YOUR ASSIGNMENT: Give all of the data again exactly as written, omitting every image.

SUPPLIED MATERIAL:
______________________________
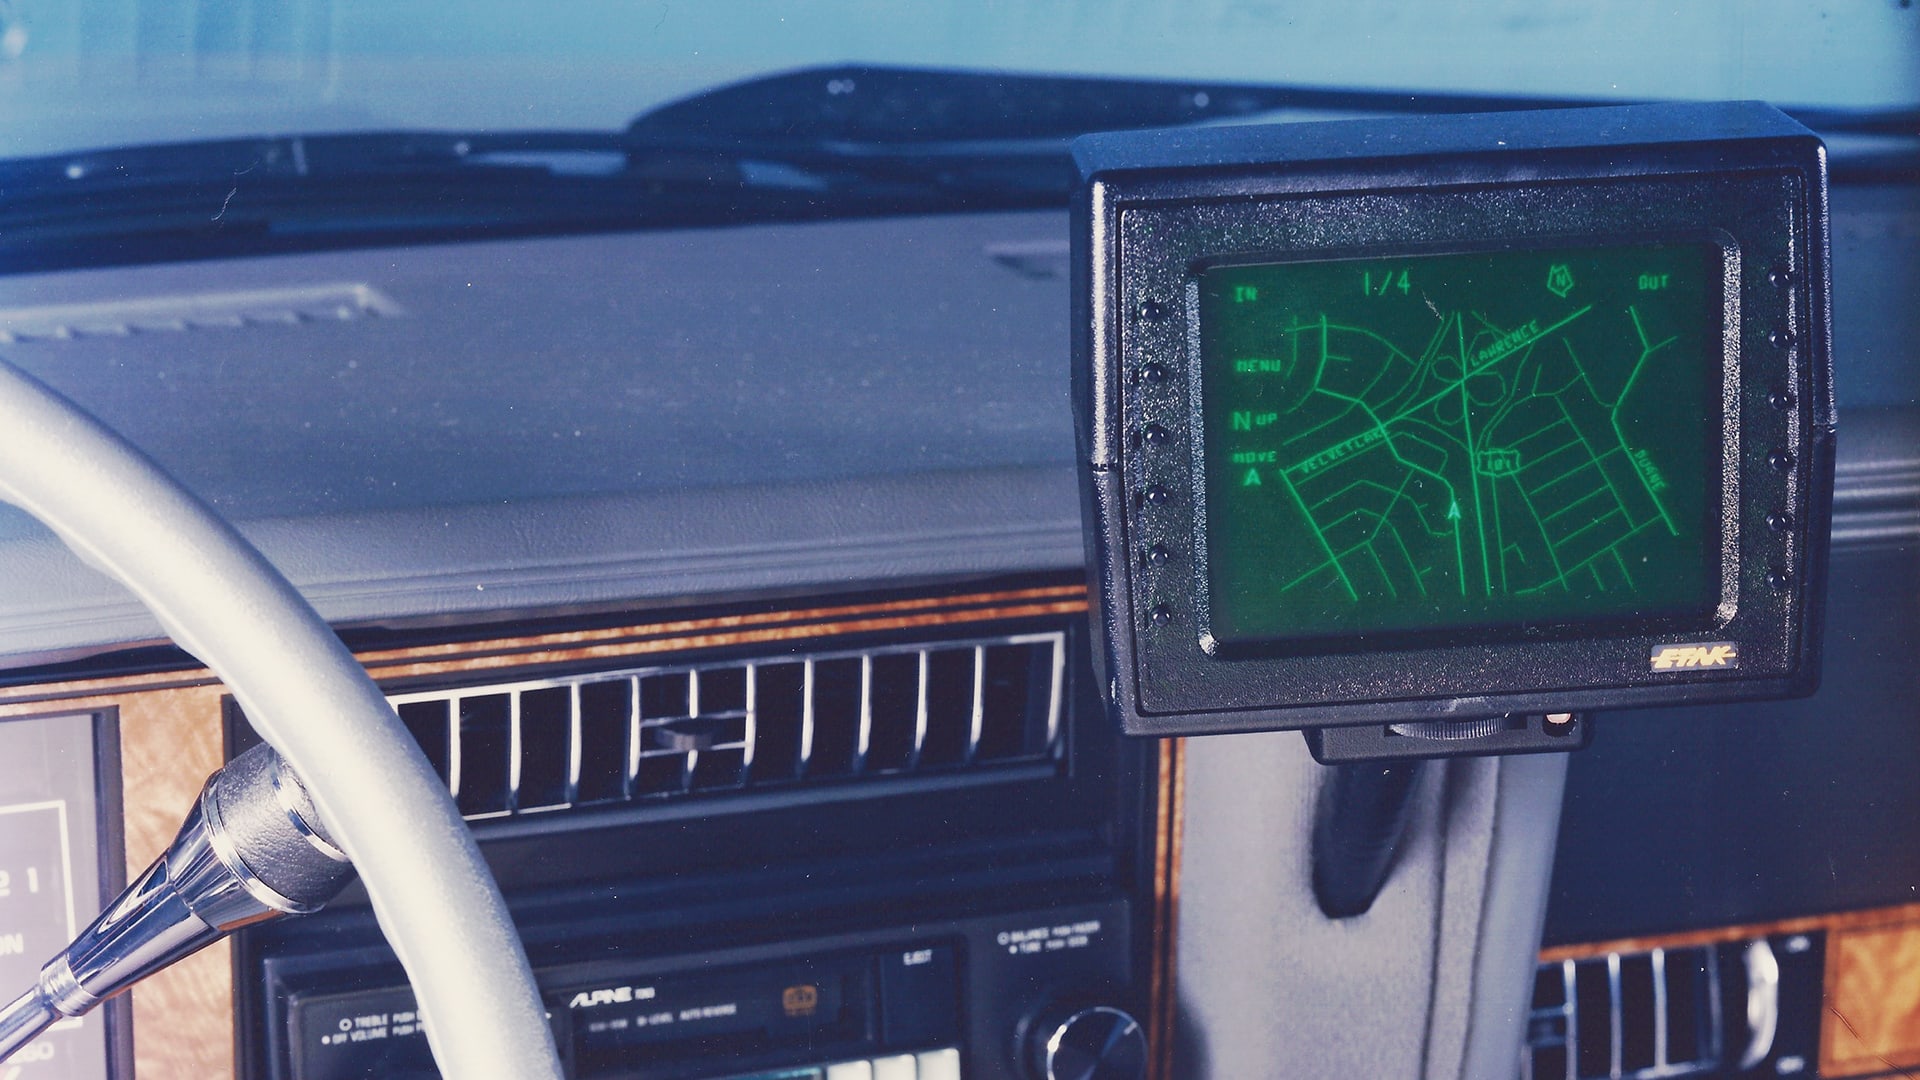 Who Needs GPS? The Forgotten Story of Etak's Amazing 1985 Car Navigation System - Fast Company
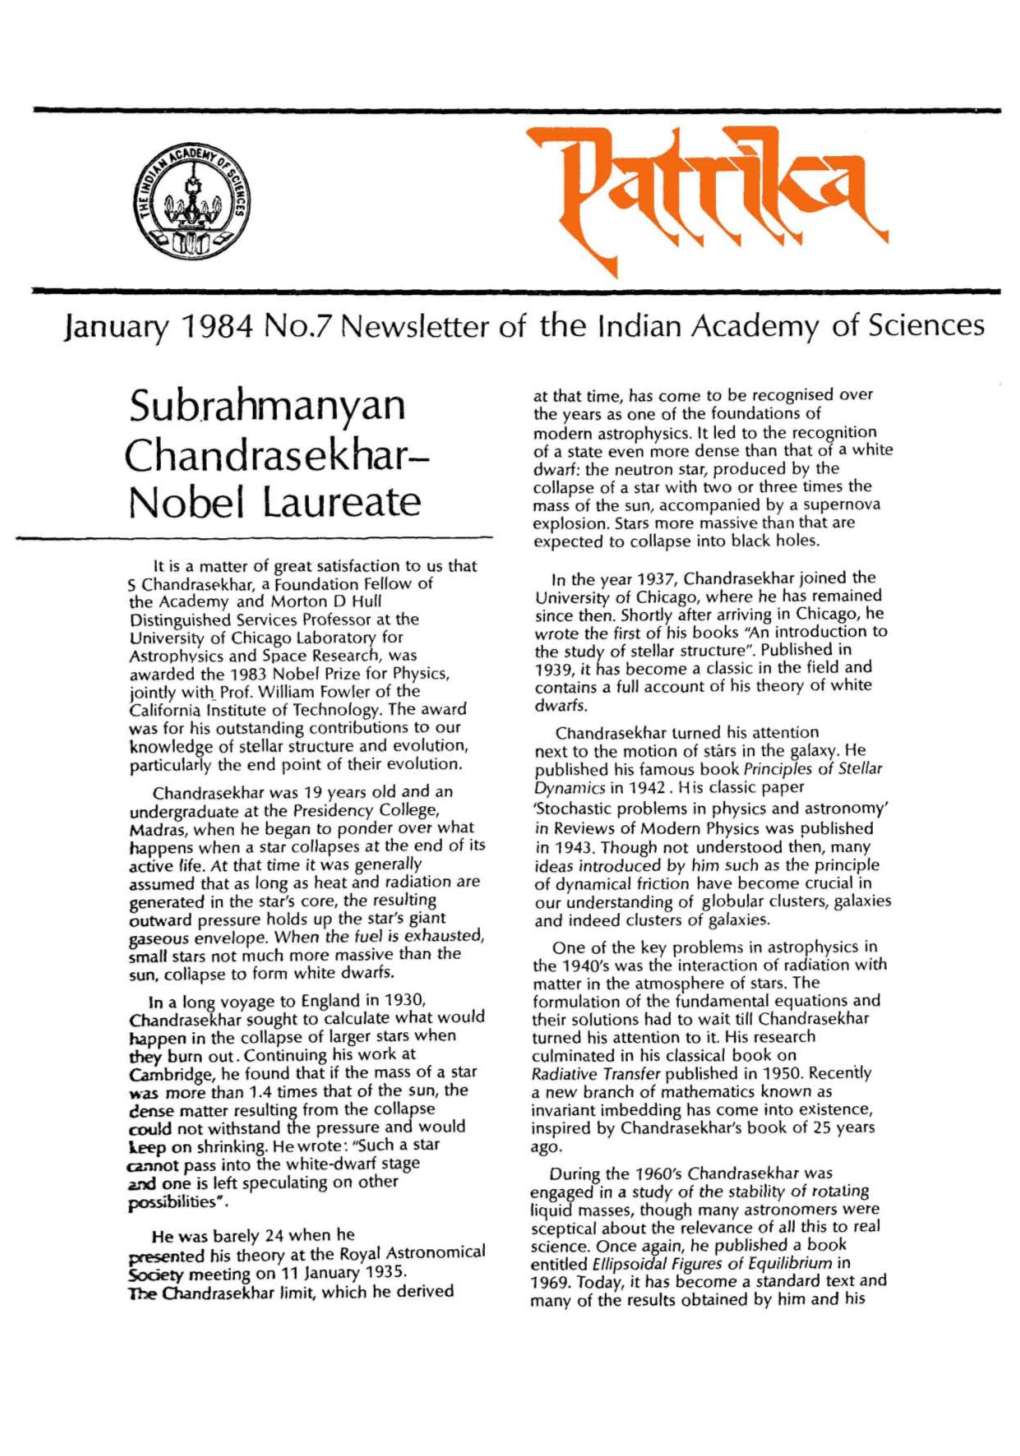 Subrahmanyan Chandrasekhar- Nobel Laureate
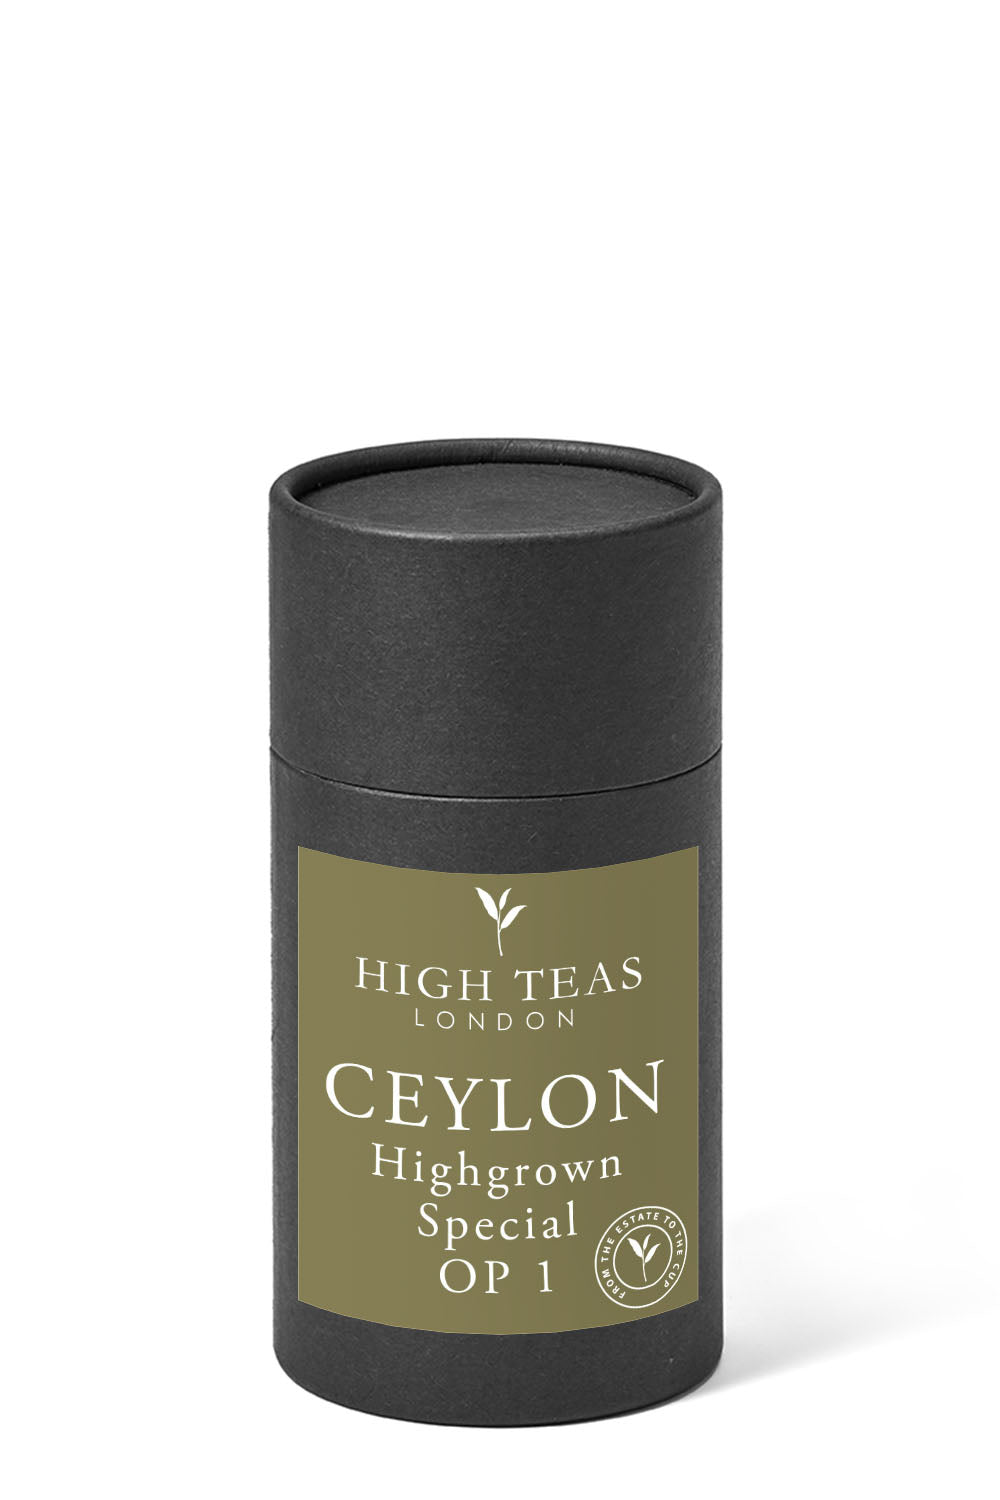 Ceylon - Highgrown Special OP 1-60g gift-Loose Leaf Tea-High Teas
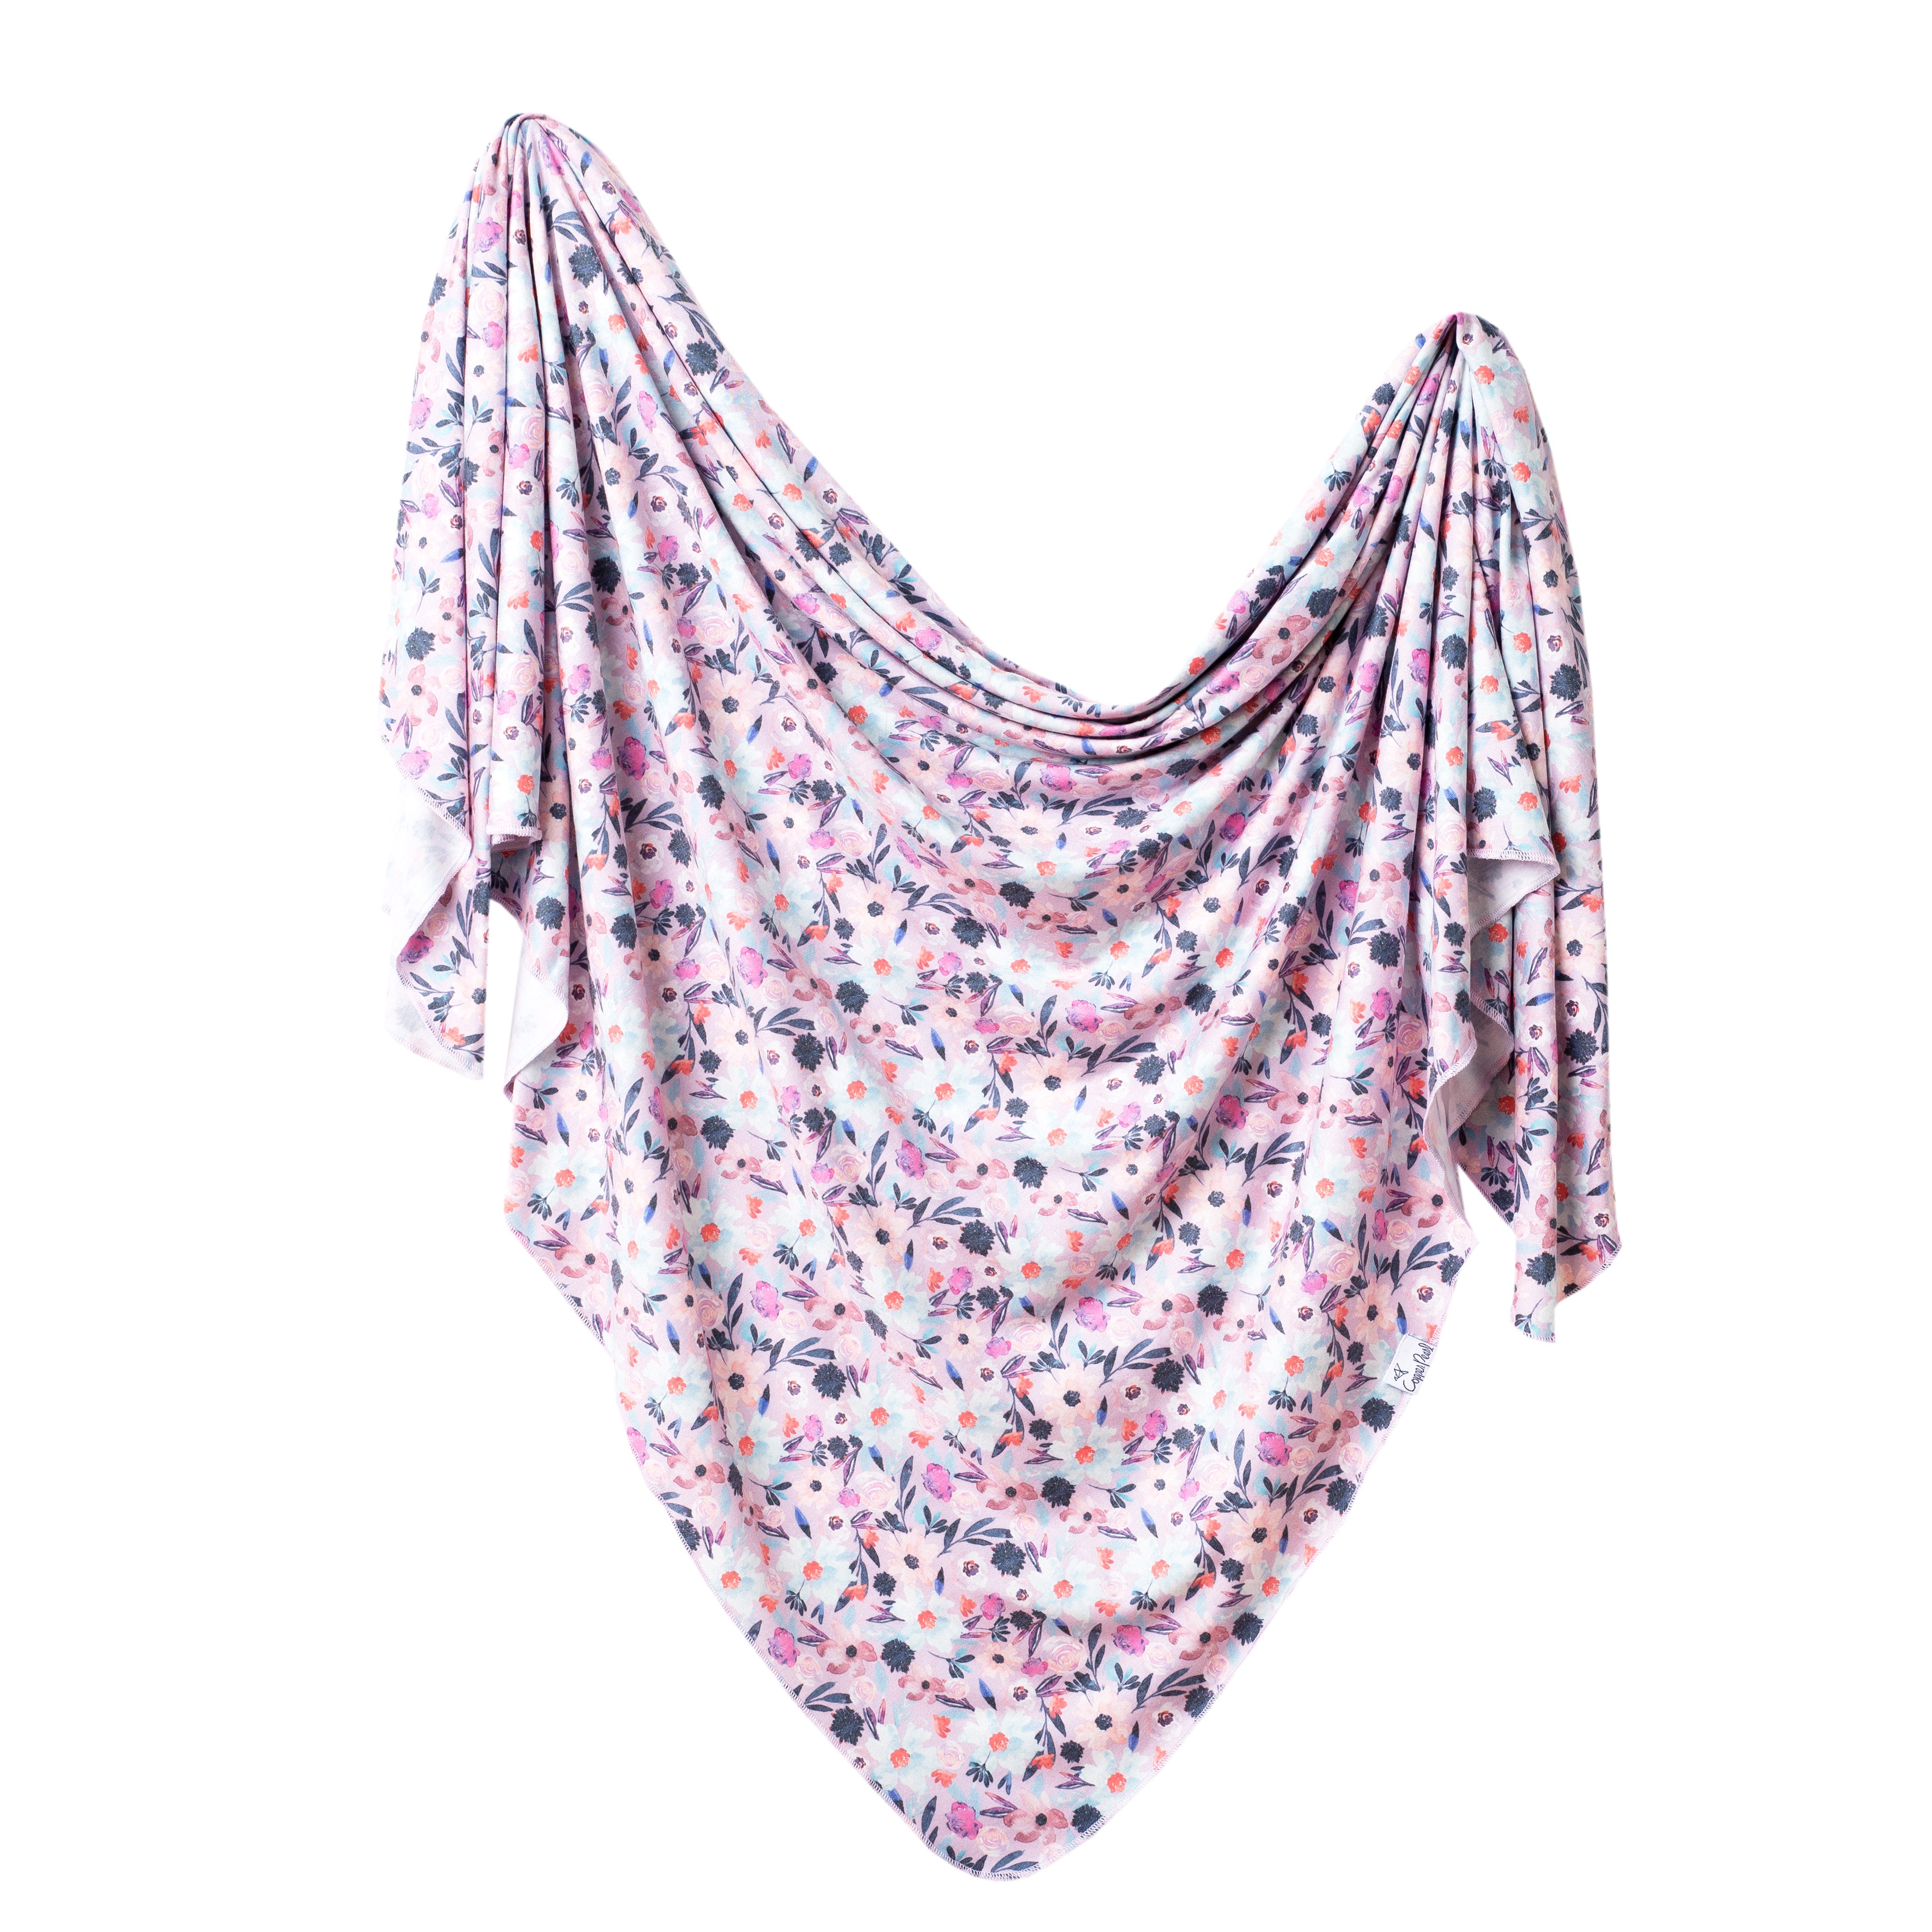 Knit Swaddle Blanket - Morgan
______________________________
RESULT:
 Who Needs GPS? The Forgotten Story of Etak's Amazing 1985 Car Navigation System - Fast Company
 Subrahmanyan Chandrasekhar- Nobel Laureate
 Ceylon - Highgrown Special OP 1-60g gift-Loose Leaf Tea-High Teas
 Knit Swaddle Blanket - Morgan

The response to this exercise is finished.